Both controllers can monitor each other using a heartbeat package over a private network and some fiber channel loops. This allows detection of controller failures and private network / fibre-channel network failures. In the event of a total controller failure, the surviving controller notifies the data-based support team and takes over the function of the failed controller. The sequence of events is shown in FIG.
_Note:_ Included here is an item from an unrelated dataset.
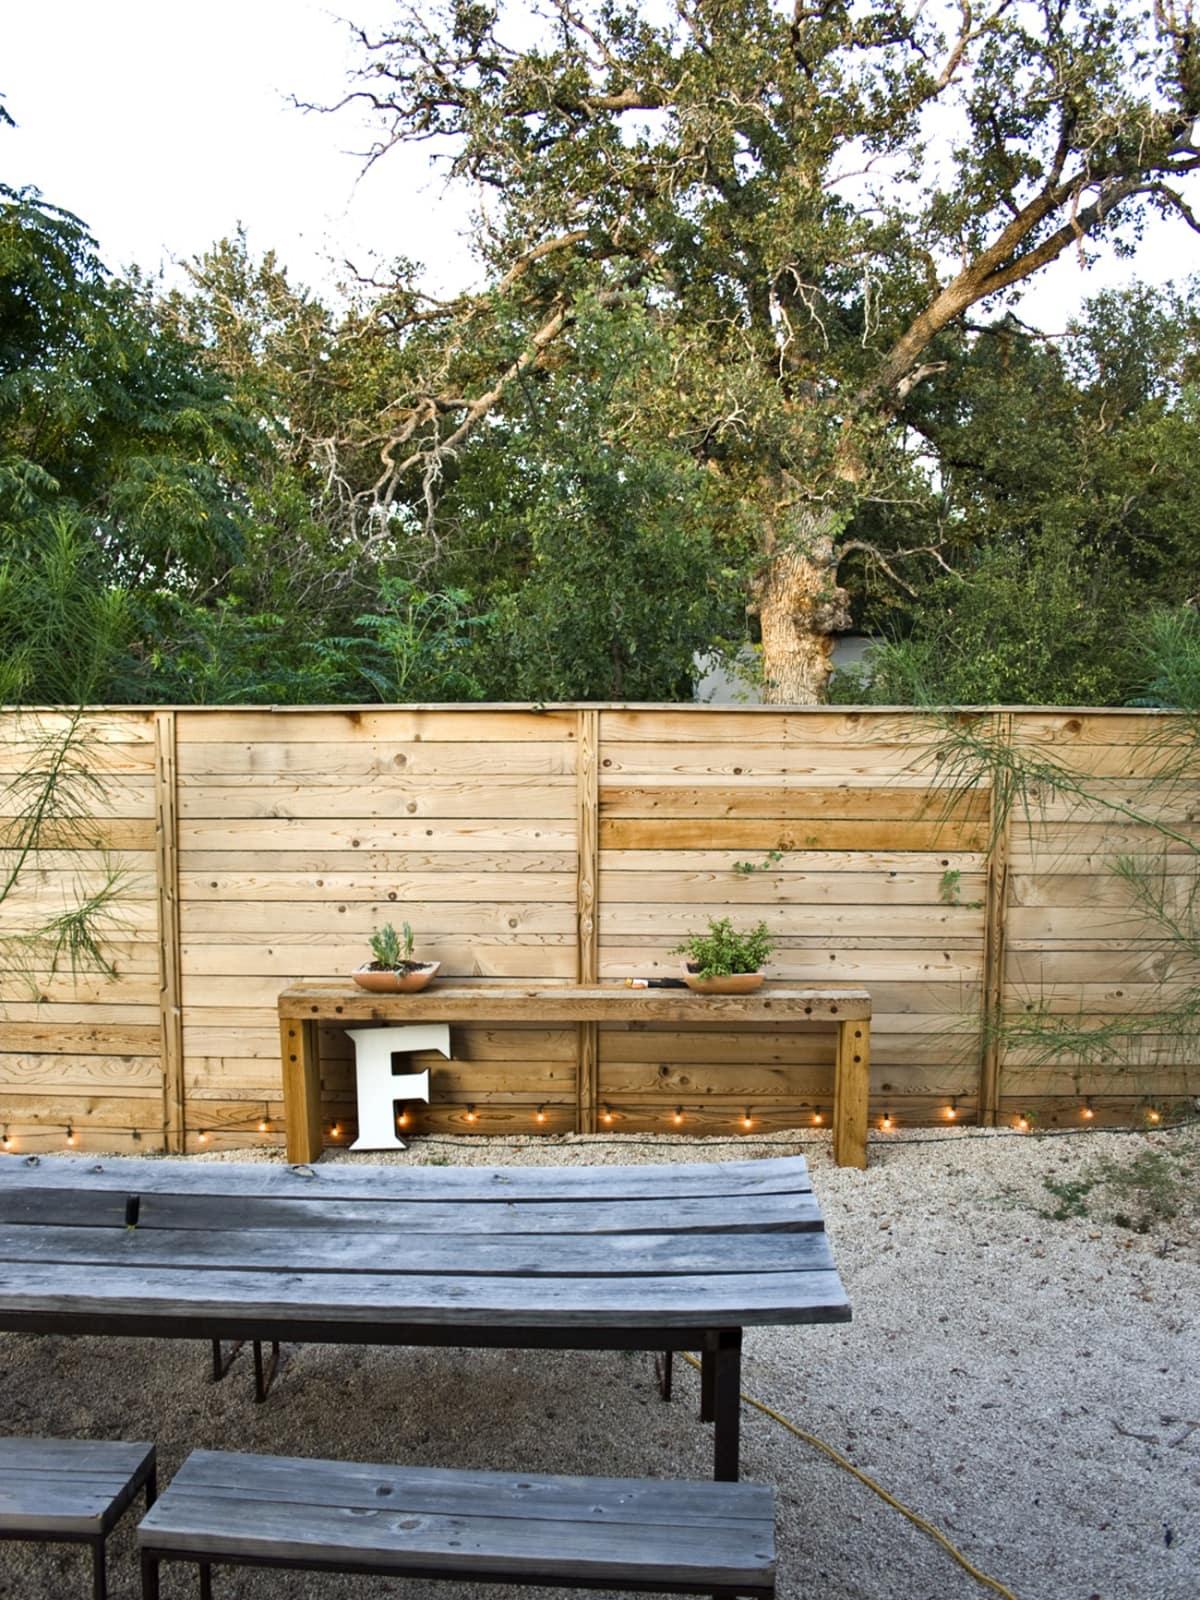 Austin backyard Moontower Design Build Image 1
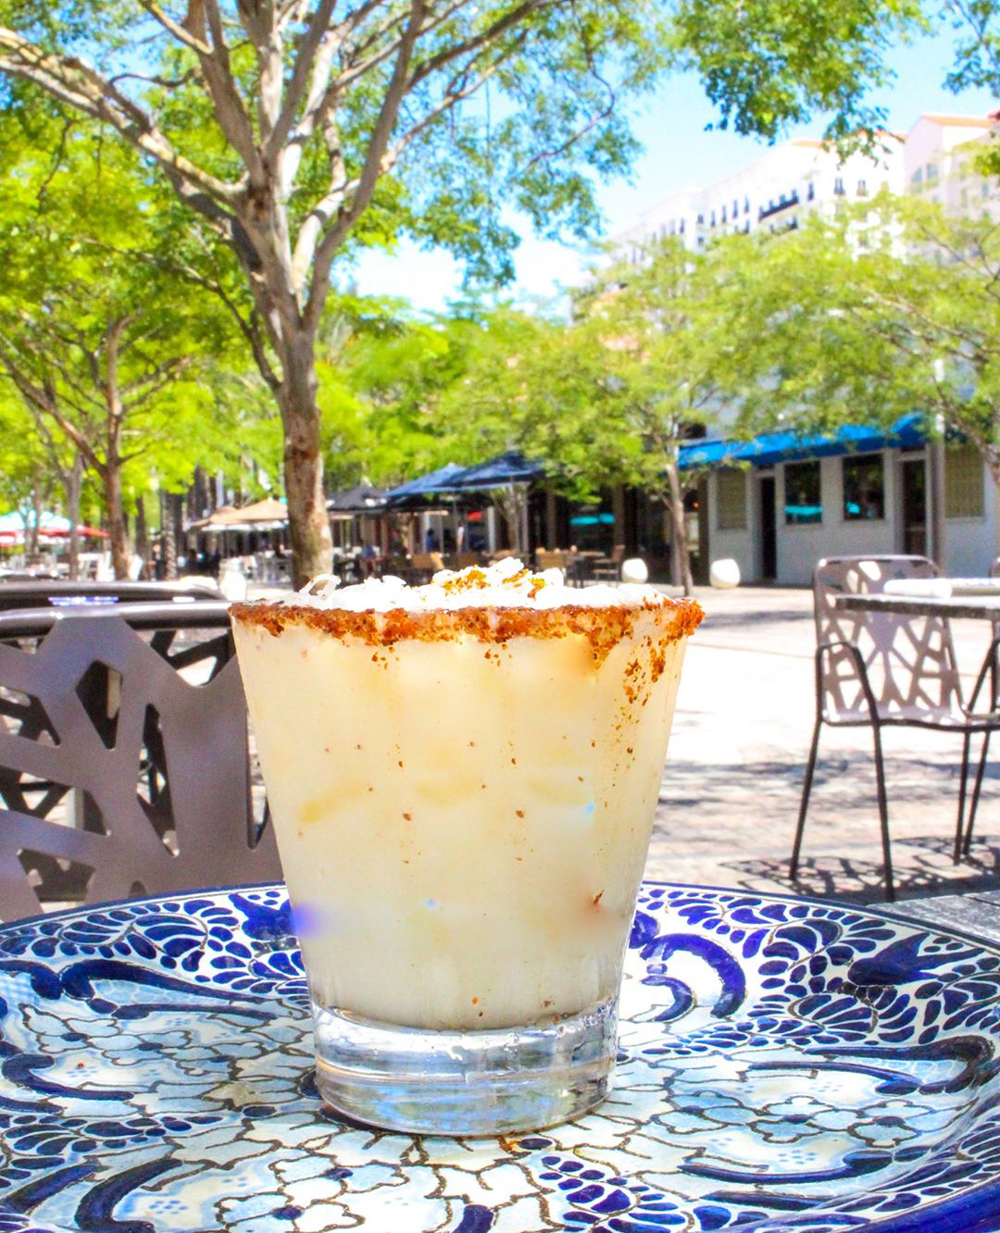 Miami Cocktails Coconut Margarita to go at Cocina Talavera restaurant in Coral Gables

While the invention has been described above in terms of preferred embodiments, it will be appreciated that various modifications and improvements can be made to the embodiments described above without departing from the scope of the invention.

Claims (9)

Redundant and scalable storage system for reliable data storage A first storage medium comprising redundant storage elements for providing instantaneous backup of stored data; A second storage medium in which data stored on the first storage medium is mirrored; And And a metadata storage medium in which metadata sets indicative of internal data organization of the first storage medium and the second storage medium are stored. 2. The redundant expandable storage system of claim 1, wherein said metadata storage system comprises a solid state disk. 2. The redundant expandable storage system of claim 1, wherein said first storage system comprises a hard disk drive. 4. The redundant expandable storage system of claim 3, wherein the second storage medium comprises an optical disc library. 4. The redundant expandable storage system of claim 3, wherein said second storage medium comprises a tape library. A method of reliably storing data using a system having first storage devices, second storage devices and metadata storage devices, the method comprising: Storing sufficient data on the first storage devices; Preparing metadata corresponding to data to be mirrored from the first storage devices to the second storage devices; Storing the metadata on the metadata storage devices; Mirroring data from the first storage devices to the second storage devices; And Optionally virtualizing the data on the first storage device. 7. The method of claim 6, wherein the data to be virtualized is selected based on a least recently used algorithm. In the method for managing data storage space of a plurality of storage devices, Addressing each storage device independently; Storing metadata on some of the storage devices; Storing data on a reminder of the storage devices; And Using pointers to data blocks incorporating device identifiers. A method of accessing a historical state of a storage system, the method comprising: Storing data on the second storage devices and maintaining the data on the second storage devices regardless of whether the data has been modified on the first storage devices; Storing metadata on the second storage devices; Retrieving metadata corresponding to the storage system state at the requested time at the request of the user; Reconstructing a read-only image of the storage system from the retrieved metadata; And Retrieving read-only historic copies of the data corresponding to the retrieved metadata.